Margaret Day Allen was hired as a reporter during World War II because male reporters were in short supply, and she continued working until well into her 80s as the Tribune's librarian and historian.

In her later years, wig askew, Allen often fell asleep at her typewriter. There also were the naps she took on the twin bed in the ladies' lounge. She would remove her teeth and lay down for a silent snooze.

We didn't tell the rookie that more than one of us had stopped on a quiet night to check on her.

There was the editor who threw a typewriter in a fit of pique, and the reporter who threw up on hers after a Tribune Christmas party back behind the pressroom.

It's a quieter, milder, more professional crowd now. Most of the time. I don't really miss what I knew as the good old days. Not often.

Let someone else write the history of the Lewiston Tribune from the arrival of the Alford Brothers, through hand presses, Linotypes, hot metal, cold type and computers.

The real history of the Tribune is roads and rivers and people.

The history is in headlines gleaned from old copies so fragile the paper cracks when turned.

Sept. 29, 1892, 100 years ago today: Stagecoach driver Frank Costin brought news from Cottonwood to Lewiston about the killing a day earlier of Will Chambers by Chance Yandell during an exchange of gunshots that ended a meeting intended to patch up a feud between the two men.

The 1895 land rush opened up half a million acres of the Nez Perce Reservation to white settlers, regular boat service between Lewiston and Kamiah started a year later and railroad construction a year after that.

The ''Ill-Fated Flight'' of Winslow's Folly from Lewiston Bluff was called the Dawn of Aviation in 1904.

The opening of Celilo Canal on May 3, 1915, creates Lewiston's old dream of an open river to the sea, making it ''Idaho's Only Seaport'' 77 years ago.

The Spiral Hill highway opened in 1917.

Republicans swept the local elections in 1918.

Democrats won by a landslide in 1932, and again in 1936.

Wheat dropped to 18 cents at Lewiston and 14 cents at Nezperce, and residents of Nezperce and Culdesac were burning it instead of coal in 1932.

The newspaper carries reports of bridal and baby showers in towns that no longer exist except in oldtimers' minds and perhaps in a tumbledown building.

They tell who brought home a deer, and sometimes who didn't.

A story in the Tribune's 1942 Golden Anniversary Edition names Wallace B. Stainton as the Tribune's first typesetter and reporter, later city editor, and also part-owner of the newspaper.

That was shocking news to those of us raised on the legend of the Alford family newspaper.

According to family lore, a few key Tribune employees were given small amounts of stock that had to be sold back if they quit or retired, recalls the present publisher, A.L. (Butch) Alford Jr.

''It was at minimum a symbol of participation in the Lewiston Tribune, and that was probably more valuable than the monetary value,'' Butch said. ''But that's all before my time, and it's nothing more than speculation.''

Much of history is speculation, and so probably is much of what appeared in our newspapers, especially 100 years ago.

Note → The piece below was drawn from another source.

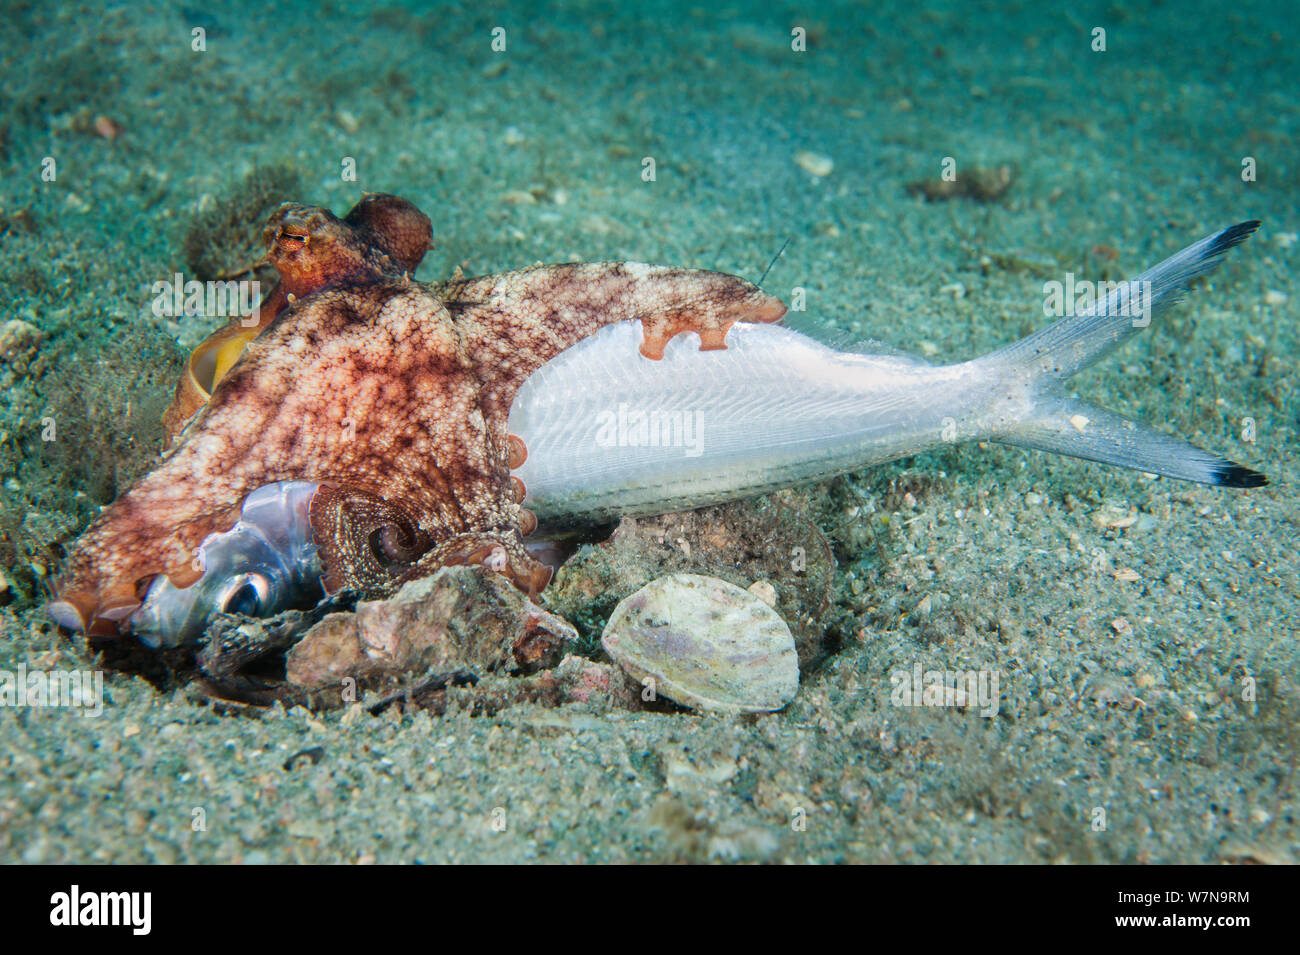 Un poulpe commun (Octopus vulgaris) récupère un poisson mort, en le faisant glisser jusqu'à son terrier. West Palm Beach, Florida, USA Banque D'Images

But there still is something curiously satisfying in reading those actual reports of letting of bids for the construction of White Bird Grade in November 1918, the last missing link between the north and south of Idaho. Or the start of construction in 1932 of a new airport west of Lewiston Orchards by the chamber of commerce, who would turn it over to the city the next year.

Newspapers, no matter how old, how tattered, are living history of people and a changing land.